Output all of the data below without changing a word, and exclude the pictures.

■ DATASET CONTENT:
========================
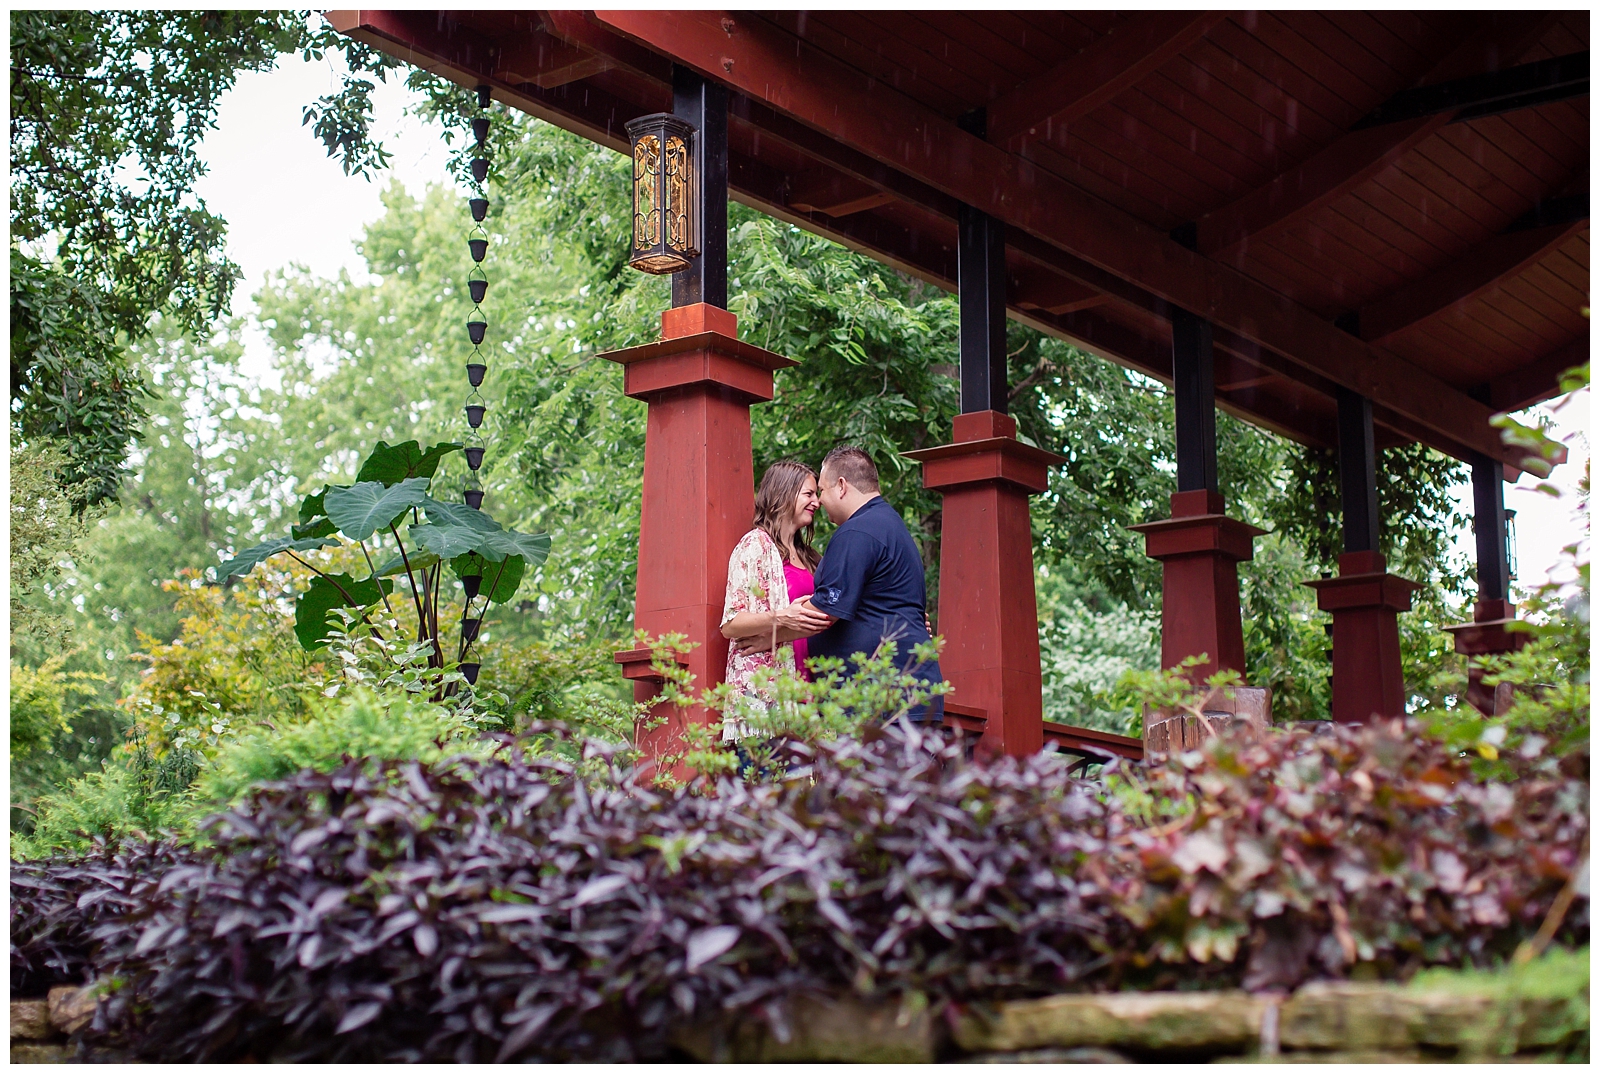 Engagement photography at Lake Shawnee in Topeka, Kansas, by Kansas City wedding photographers Wisdom-Watson Weddings.
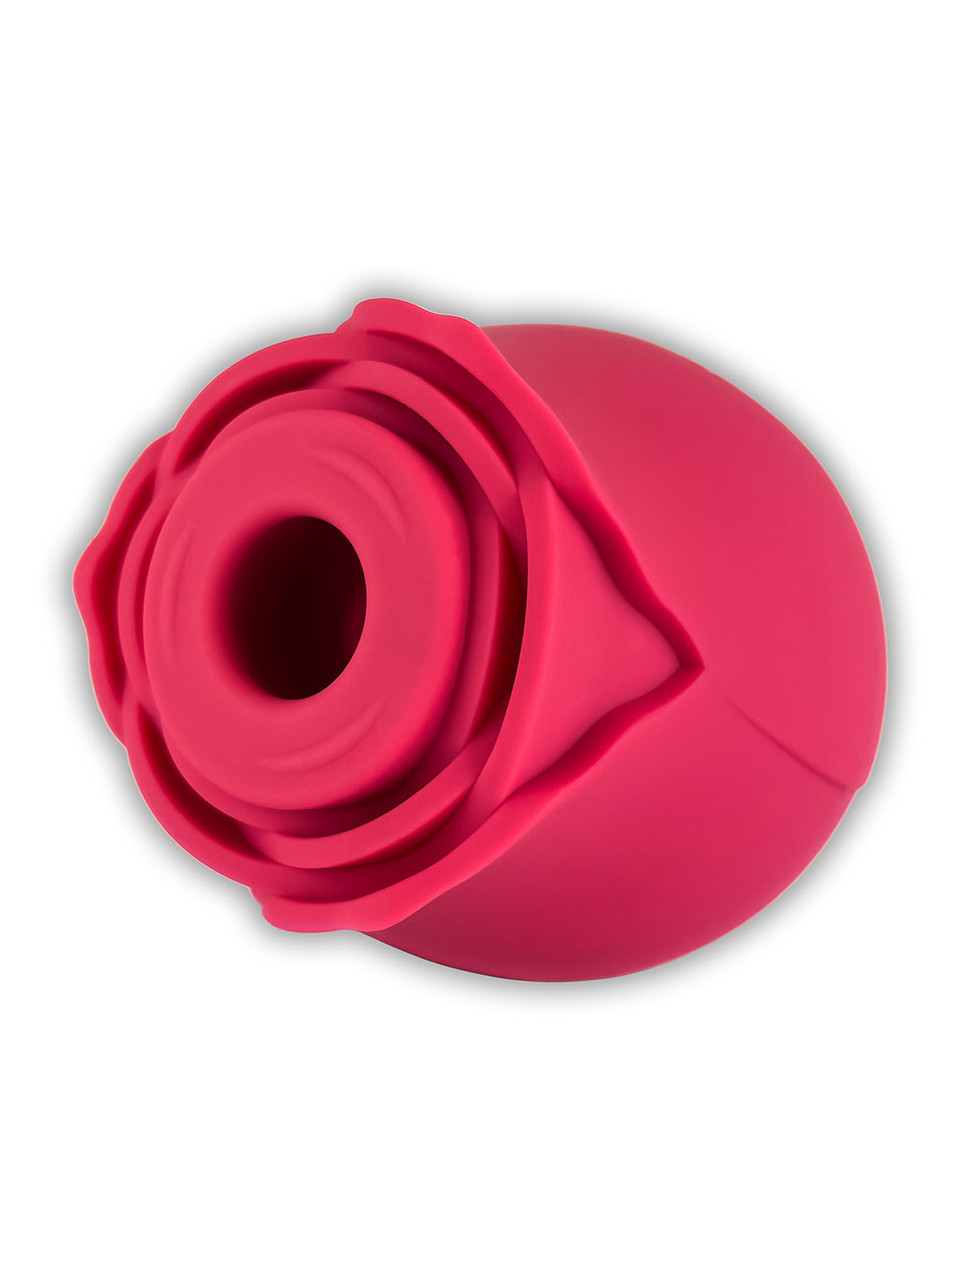 The Rose Handheld Vibrator
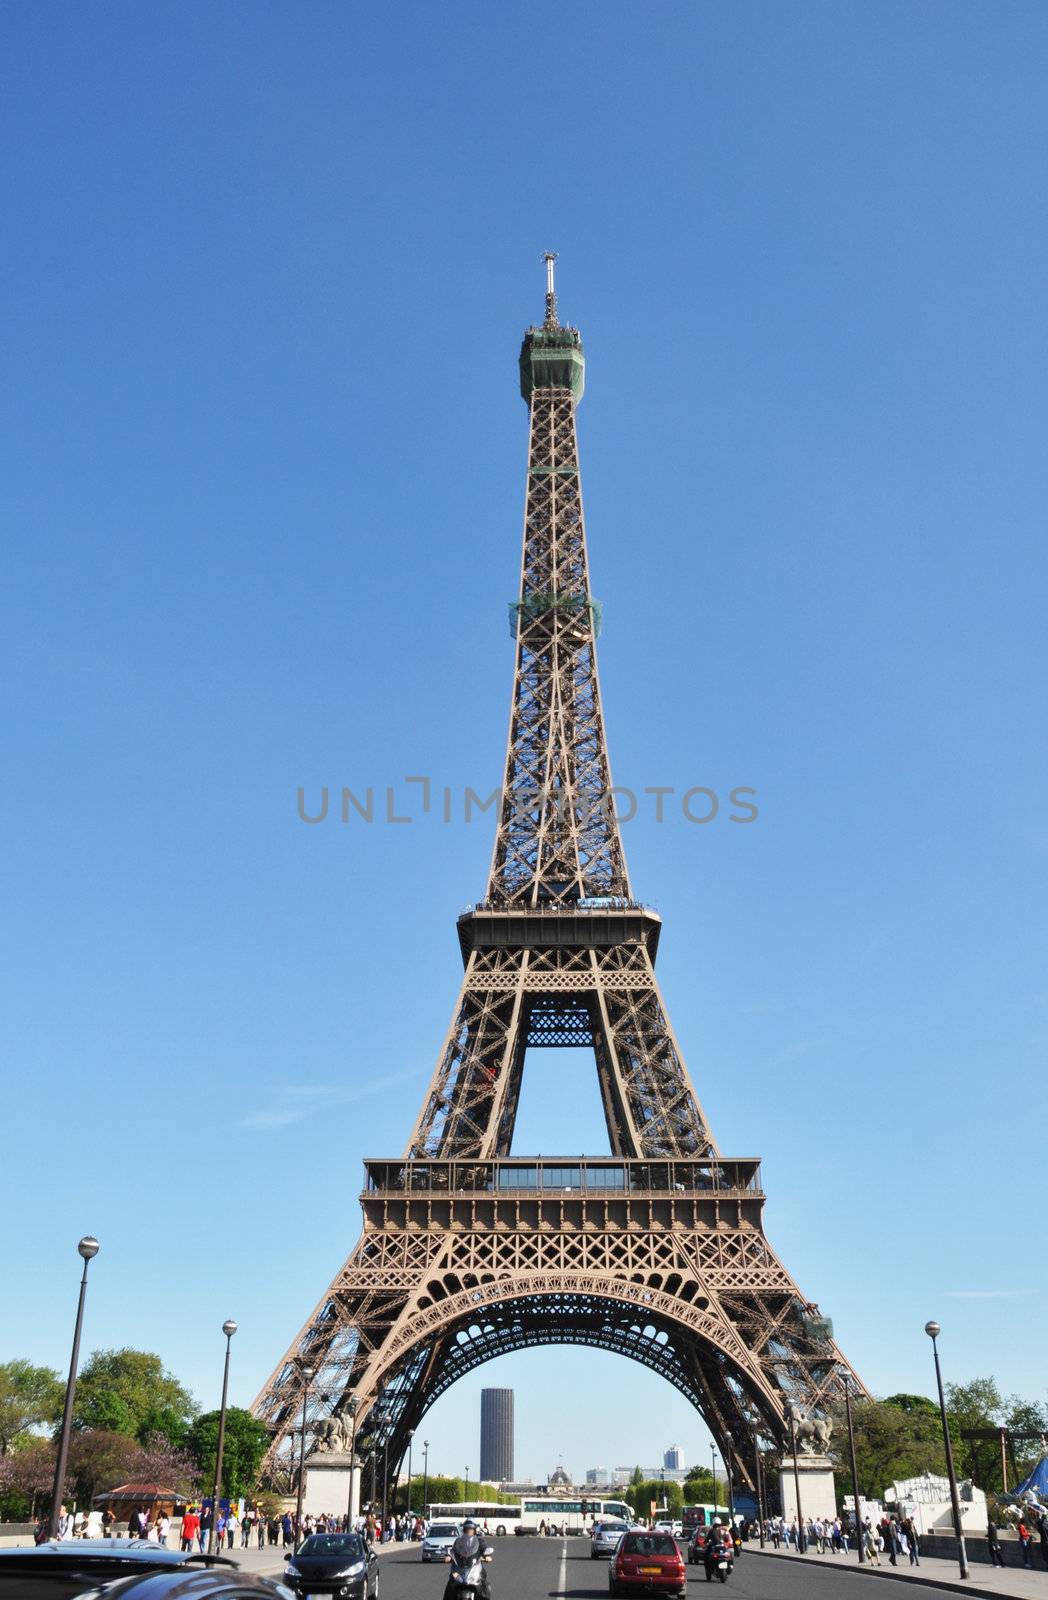 The Eiffel Tower by dutourdumonde
========================
■ WRITTEN SOLUTION:
 Engagement photography at Lake Shawnee in Topeka, Kansas, by Kansas City wedding photographers Wisdom-Watson Weddings.
 The Rose Handheld Vibrator
 The Eiffel Tower by dutourdumonde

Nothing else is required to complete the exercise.